If I want to avoid ads on Facebook or Gmail—or if I take issue
with the invasiveness of advertising—the solution is simply to stop using
Facebook and Gmail. But Gmail is a nice email service, and I need a Gmail
account to access this blog, and I need this blog like I need a new set of
Dodge floormats. Maybe now that I've complained while logged in my Gmail
account about ads on Gmail I'll start getting advertisements targeted at individuals who are tired of or irked by advertisements. Maybe I need to divulge that I
drive a Camry.
Hulu sometimes asks viewers to choose which "ad experience" they want. Last night Aron and I watched "The Daily Show" and were given the
chance to choose which of three (brace yourselves, this is exciting!) Buick (yes, BUICK!) advertisements to watch (obviously Hulu didn't get the message from Gmail about my Dodge), but we chose not
to choose and instead waited 10 or 12 seconds for a random one to start. I
don't know why we won't simply choose an ad when given the chance—and I don't
know what we'd base our selection on if we made one. Aron and I are indignant about not
choosing, as if we're proving a point to Hulu about ad experiences. I don't think dreams even qualify as
experiences proper, so any ordinary ad probably doesn't either. But an
extraordinary ad …
Facebook has also shown me advertisements for Samsung phones
and Swiffer Sweepers, both of which make a little more sense than the McDonlads
ads. I could conceivably be swayed to buy a cell phone (and I'm probably at a
cell phone-y age), and I certainly belong to a group of women known and expected to sweep.
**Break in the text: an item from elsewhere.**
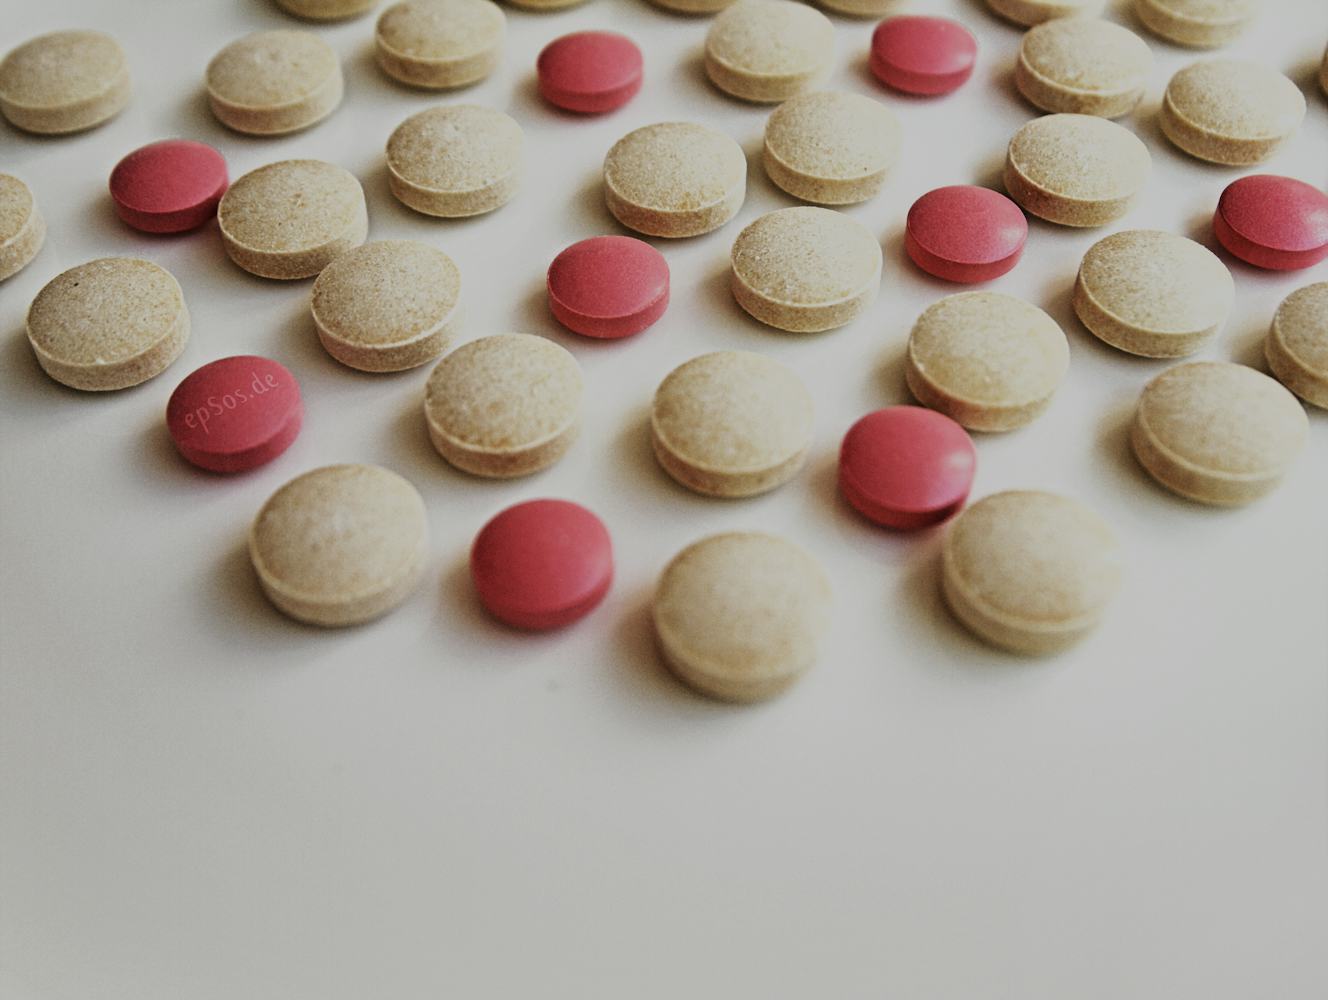 Narcolepsy Medication Modafinil is the World's First "Safe" Smart Drug

Sometimes Facebook shows me ads for products that my friends have "liked," which really makes me want to tell my friends to stop "liking"—in the Facebook
sense of the word—things. My cousin likes Always maxipads. I, too, bleed from
the vagina, so Facebook has sponsored ads to me from Always, which probably wouldn't happen if I hadn't told Facebook that I'm a lady. Facebook has
recommended that I might like the NRA, which I like as much as McDonalds.
Facebook has suggested that I might want to be a sonographer. Facebook is right. I might.
The only advertisements that I am knowingly moved by
are for alcohol. If there were a commercial for a Swiffer Sweeper drinking a
Bacardi and Coke I might buy one—a Swiffer sweeper that is, but I would only use
it if I had already had two or more Bacardi and Cokes). The only alcohol ads that
don't move me are the ones that talk in any way about calories. It's not like
alcohol ads before Miller 64 had a bunch of fatties in them. Sexy, skinny
people drink tequila—why would they need to go on a drinking diet? I remember
going to Midtown Arts Cinema and seeing beautiful and clever Stella Artois ads.
It's always impossible for me to not want a Stella (Stella!!!), but it's even
impossibler after seeing a gorgeous ad. I'm so swayable. I am not opposed to
spending. There are
things I buy. There are things I want.